On a bien à l’esprit la voix de Ludmila Mikaël dans Un homme qui dort (1974), le film de Bernard Queysanne, et peut-être connaît-on Récits d’Ellis Island (1979), mais a-t-on vu Série noire (1979) avec l’incroyable Patrick Dewaere, ou encore Les Jeux de la comtesse Dolingen de Gratz (1981) ? Tous ces films sont liés, de manières différentes, de très près ou de plus loin, à Georges Perec et le livre de Reggiani explore les rapports de Perec au cinéma, autant de distance mesurée que de proximité passionnée.
Perec, c’est bien sûr, « L’œil, d’abord… », pour reprendre les premiers mots des Choses, le premier roman, où il est question de jeunes gens mordus de cinéma. « Ils appartenaient, de par leur âge, de par leur formation, à cette première génération pour laquelle le cinéma fut plus qu’un art, une évidence ; ils l’avaient toujours connu, et non pas comme une forme balbutiante, mais d’emblée avec ses chefs-d’œuvre, sa mythologie.

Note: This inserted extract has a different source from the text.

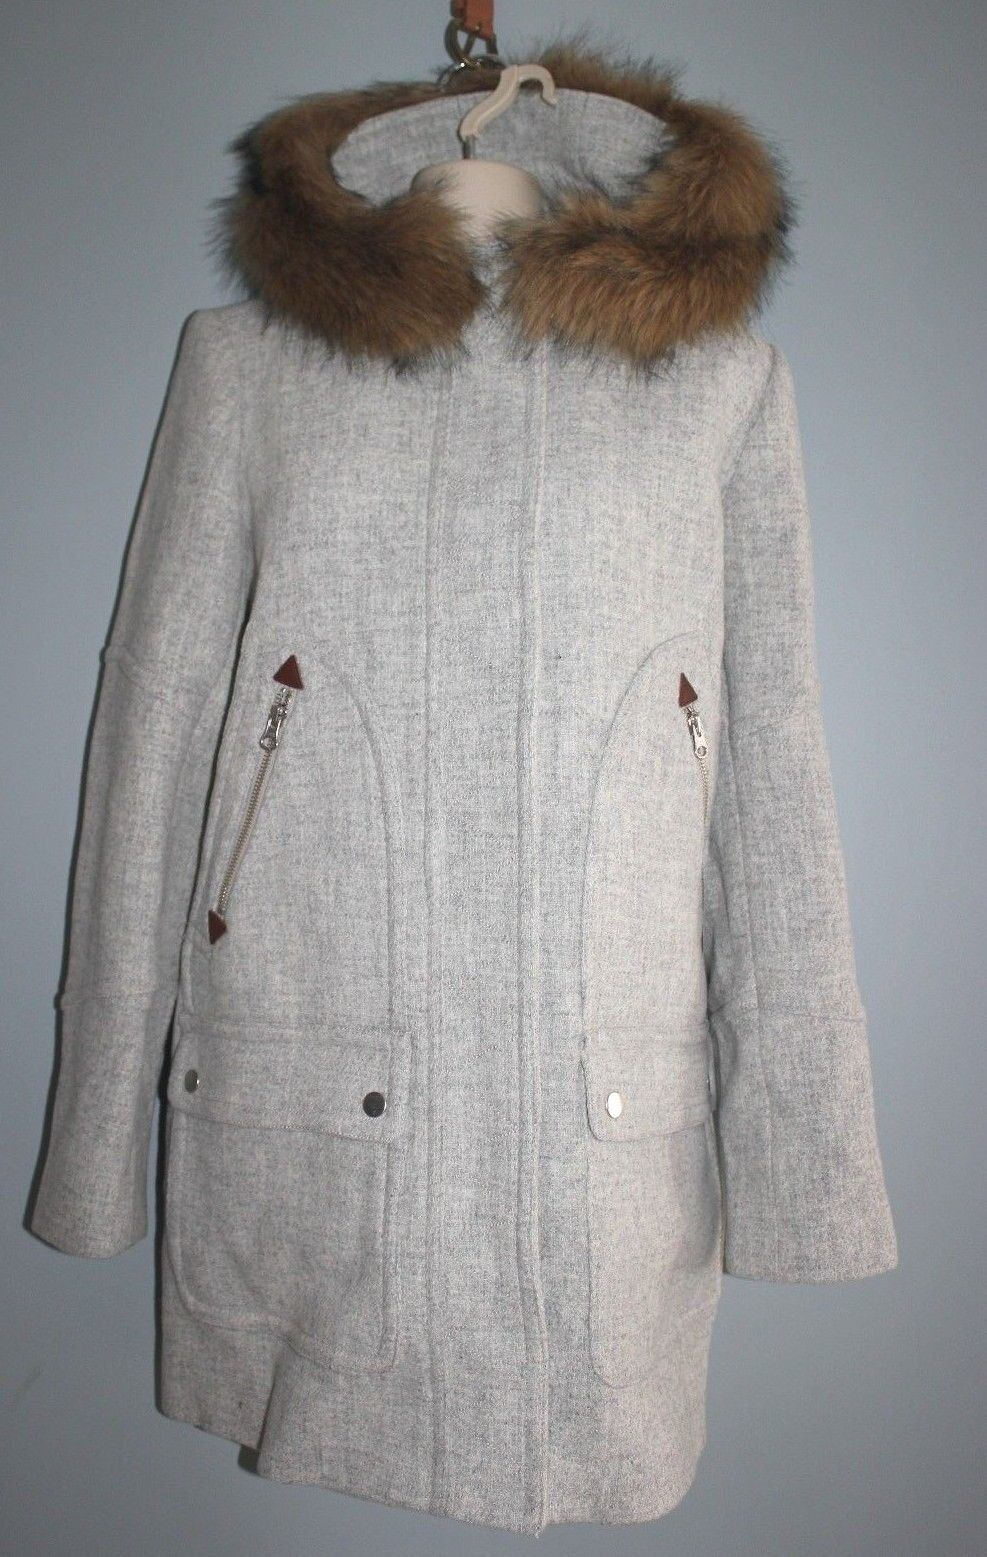 JCrew Petite Chateau Parka Italian Stadium Cloth Wool Coat Sz 2P HEATHER DUSK

Il leur semblait parfois qu’ils avaient grandi avec lui, et qu’ils le comprenaient mieux que personne avant eux n’avait su le comprendre. » (Les Choses, chapitre IV). Pour autant, Perec confessait que le cinéma n’était pas son « univers ». Cela peut surprendre, venant d’un auteur qui était pourtant, à la manière des protagonistes de son premier roman, « l’exact contemporain d’un certain âge d’or du cinéma — notamment hollywoodien », comme Reggiani le rappelle d’emblée.
Le cinéma aurait néanmoins un statut originaire dans l’imaginaire perecquien, avance Reggiani : « Perec a beau s’en dire ‘‘décroché’’, c’est bien le cinéma — ou plus exactement l’écriture du cinéma — qui conduit alors, sans détour, au plus intime d’une œuvre hantée par la disparition de la mère de l’auteur, déportée en direction d’Auschwitz le 11 février 1943. » Ce serait même la cinéphilie de Perec qui aurait déclenché son écriture. Reggiani ne manque pas de souligner ce que le cinéma peut avoir de passionnel pour Perec, puisque « l’engagement de Perec dans le cinéma — comme scénariste, réalisateur ou producteur — passe le plus souvent par des collaborations prolongeant les liens affectifs qui les ont rendues possibles. »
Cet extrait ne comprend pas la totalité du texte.